The former home of the Greater London Council on the south bank of the Thames is to be transformed into a 570-bedroom hotel and leisure complex with an emphasis on 'family and fun'.
Attractions at the pounds 150m complex will include a wedding chapel; walk-through aquarium; a virtual reality entertainment centre; a museum; a family library and business conference rooms. There will be French, British, Chinese and Japanese restaurants, shops and a creche. Most will be open to the public and some, such as the library and museum, will be free of charge.
All the bedrooms will have views of the Thames and the Houses of Parliament. A room for a family of four is likely to cost less than pounds 100 per night. Should the project move to a second phase, the number of bedrooms could be expanded to 1,200 - although not all facing the river - making this the largest hotel in London.
Mac Toyota, managing director of Shirayama in Europe, said all the historic features would be preserved and treated with sensitivity. The tiered council chamber, meeting rooms and ballrooms will remain with their original features, such as wood panelling and chandeliers.

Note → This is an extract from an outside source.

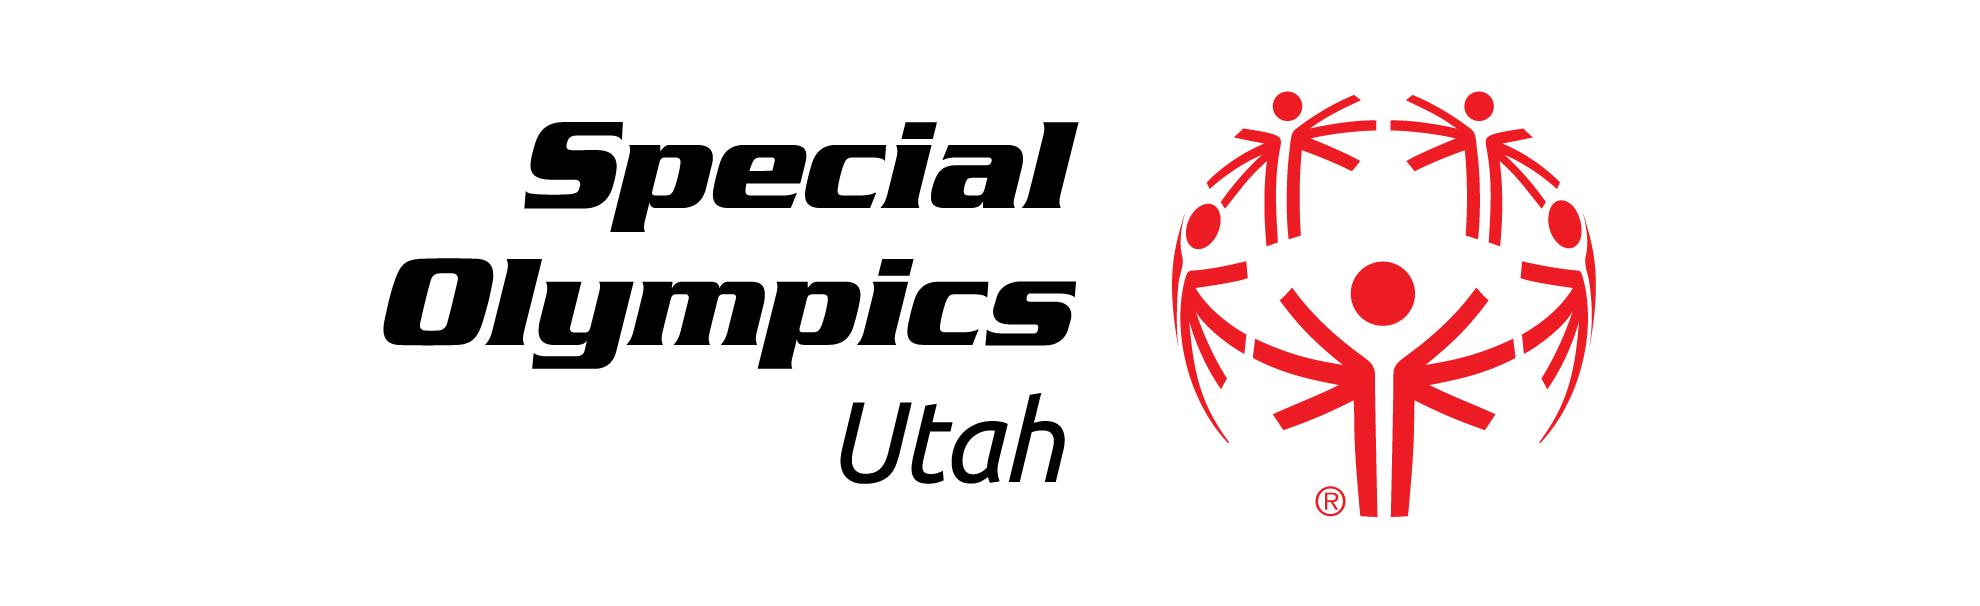 Special Olympics of Utah logo

'The hotel will be the first in London to pledge itself to offering four- star hotel luxury at accessible and affordable prices,' Mr Toyota said.
The 50/50 joint partnership between Virgin and Shirayama will be capitalised at pounds 10bn. The joint company will manage the County Hall project under a lease from the Japanese parent group, which is financing the pounds 150m scheme from its internal resources.
The joint venture was agreed only last week, although Virgin, which owns hotels in Britain and Spain, was approached by the Japanese almost a year ago and has been secretly involved in planning since then. At the end of last year, Mr Toyota was quoted as likening his philosophy to that of Mr Branson.
Mr Branson said there were tentative plans to build a walkway from the international rail terminal being built at Waterloo Station. Talks are also under way for the redevelopment of an adjacent site, which Virgin envisages could become an international trade fair centre, again capitalising on the proximity to Waterloo. The site, which houses former annex buildings to County Hall, belongs to the London Residuary Body.